After gazing into my kitchen for awhile, the little feral cat leaped upon the covered grill, then up to the fence railing and up the tree onto the neighbor's roof.  It is a weird thing to see.  I don't know if she spends the night up there of if she comes down.  What a strange kitty.  What a hard life.  

My own, you ask?  Oh, you know.  Anxiety fills me.

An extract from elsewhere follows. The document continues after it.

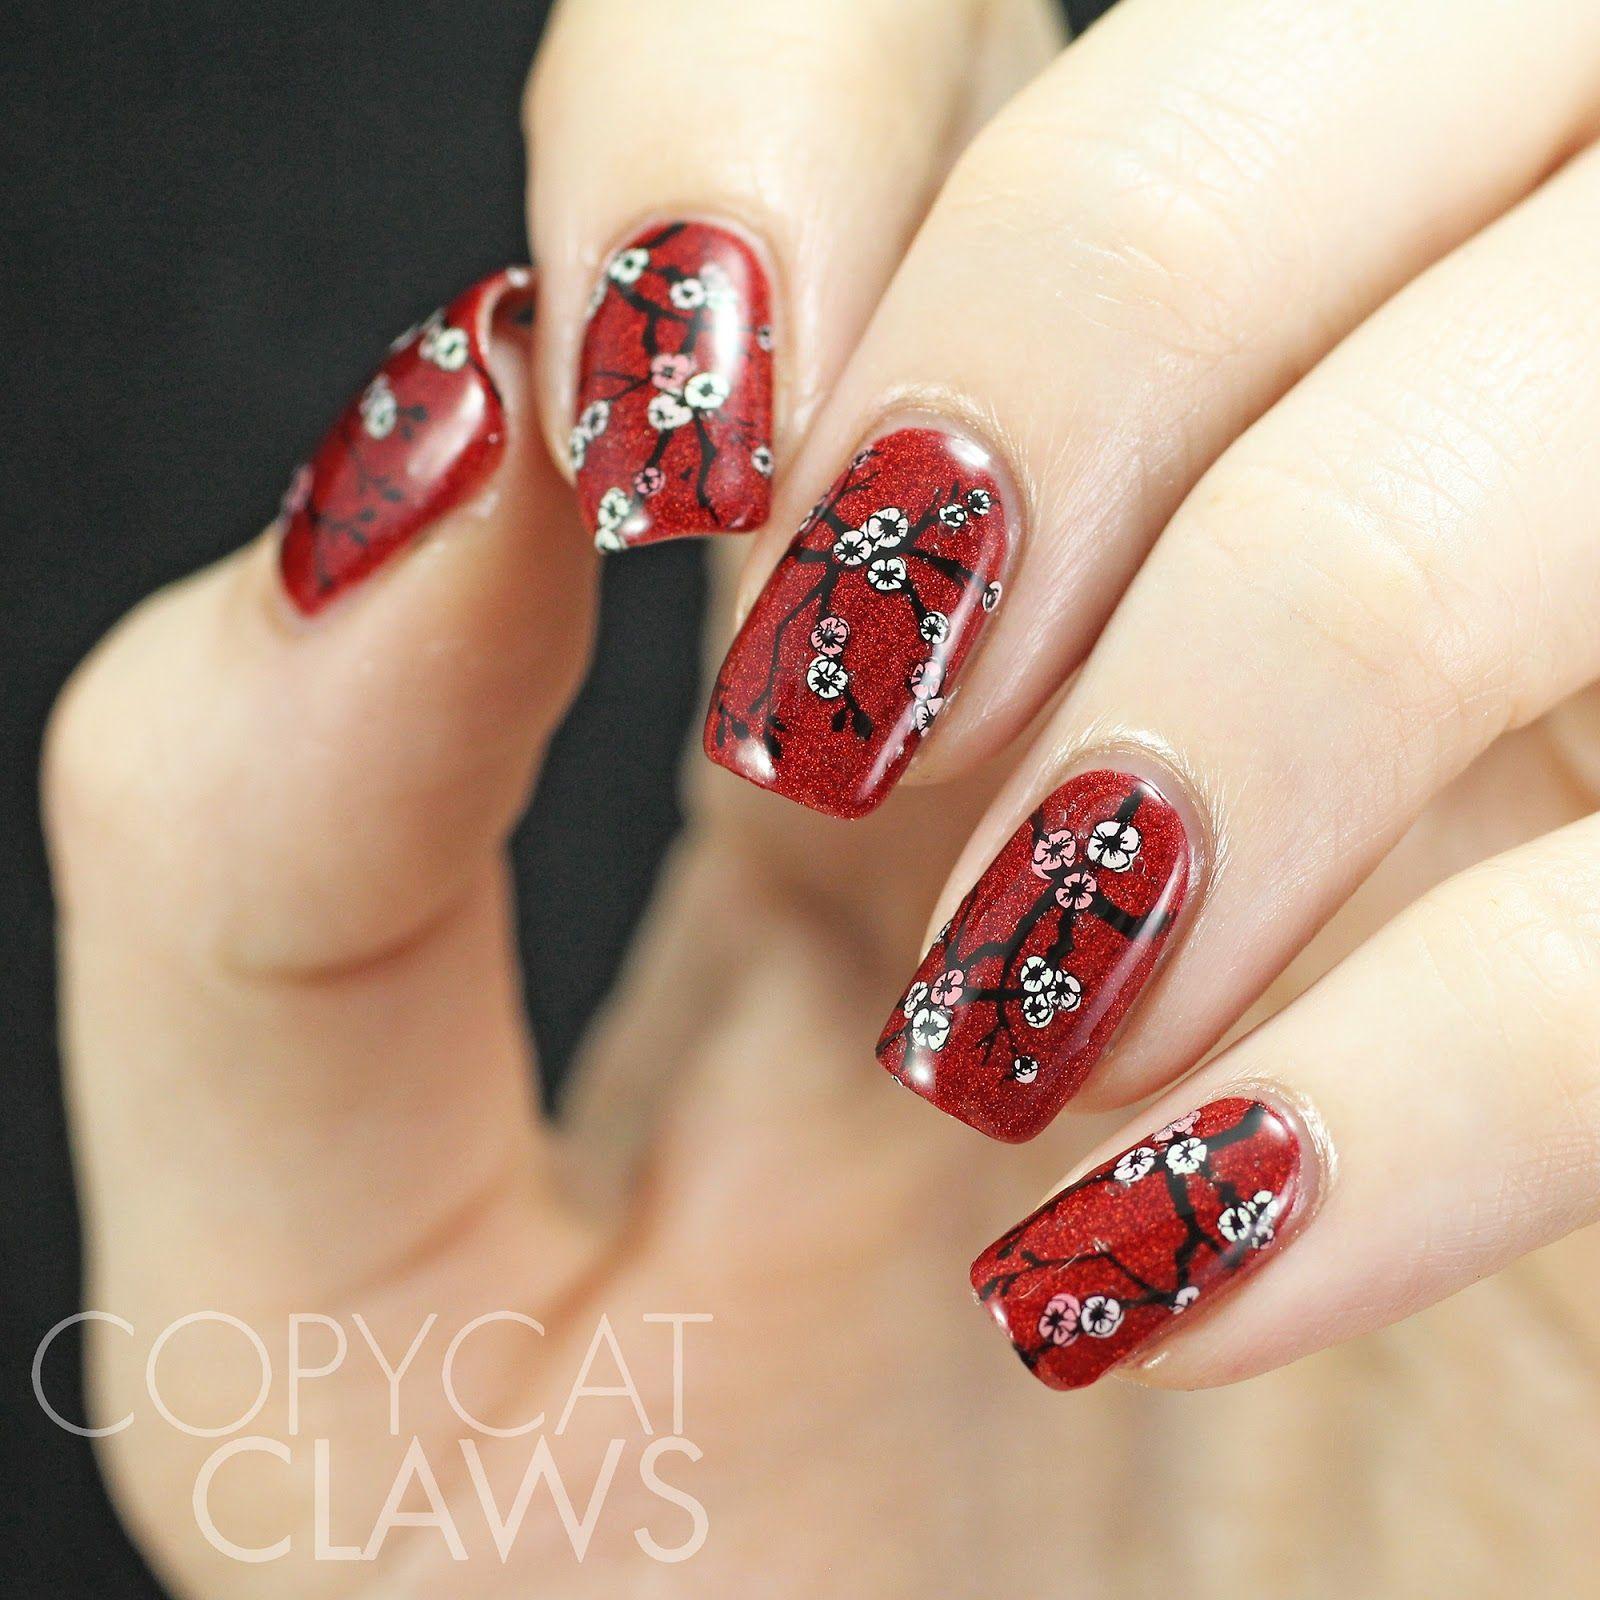 Sunday Stamping - Chinese New Year Nails | My life nails | Pinterest ...

I still don't know how much the tree work and repairing a window in the apartment is going to cost.  Many thousands, but I don't know how many.  But that isn't enough.  Let's heap on a bit more.  Yesterday, the tenant told me the air conditioner was not working.  I went over to look at it.  I fiddled with some things, flipped some breakers and heard the outside compressor hum.  But it wasn't turning.  I took a stick and pushed the fan blades and they began to rotate.  I went up to the apartment and it was cooling.  Well, that was good but it wasn't.  I mean, something is wrong.  I didn't fix it.  I asked her to keep an eye on it and left.  

Last night as I was brushing my teeth before going to bed, there was a knock at the door.  It was the tenant.  I went up and fooled around with the thermostat for a long, long time.  It has long and complex menus--far too many--and something seemed weird to me.  I couldn't get the thermostat to go below 74 degrees.  The fan would blow but there was no cold air.  After half an hour screwing with menus for "Home" and "Away" and setting schedules for different times of day, I felt some cool air.  I went out and saw that the compressor was turning.  I was very tired and hoped that it would keep her cool for the night. 

I had nightmares all night long.  Weird ones, but somehow they always came back to the apartment.  

To top it off, the meteorologists have me flipping out over something that has yet to become a hurricane.  Oh, it will, and we need to keep a careful eye on it.  Stock up.  Prepare.  Consequently, you can't buy a bottle of water.  This always confuses me, of course.  I just fill bottles and jugs up with water, but in all the years I've lived here, I've never had to use them.  

It is not just water, of course.  Panic buying prevails and the massive mental disorder affects me.

I wrote to the factory group that "the Cone of Uncertainty comes directly over my house."

A friend wrote, "But you are live in the Cone of Uncertainty, don't you?"

Clever girl.  Ho-ho.  I needed a clever retort. 

"I'm not certain," I replied.  

Yesterday was a most beautiful day.  I didn't go out into it until it was time to see my mother.  

My week of of uncertainty may be giving way to a week of absolute catatonia.  Once again, someone has put a hex on me, some horrible voodoo curse.  

Or so it seems.  But I am trying to hold out hope.  Maybe Mr. Tree will give me a reasonable, friendly price.  Maybe the window repairman will return with good news.  Maybe the a.c. will be only a minor repair.  And maybe Hurricane Ian will not cause devastation in my own hometown.  

As I watched the feral cat, I realized fear and anxiety and a broken heart and hope are all things she, too, experiences.  She probably knows about the hurricane, as well--you know, with her animal senses.  

I am hoping for some respite.  I can't tell, though, if cats have hope, too.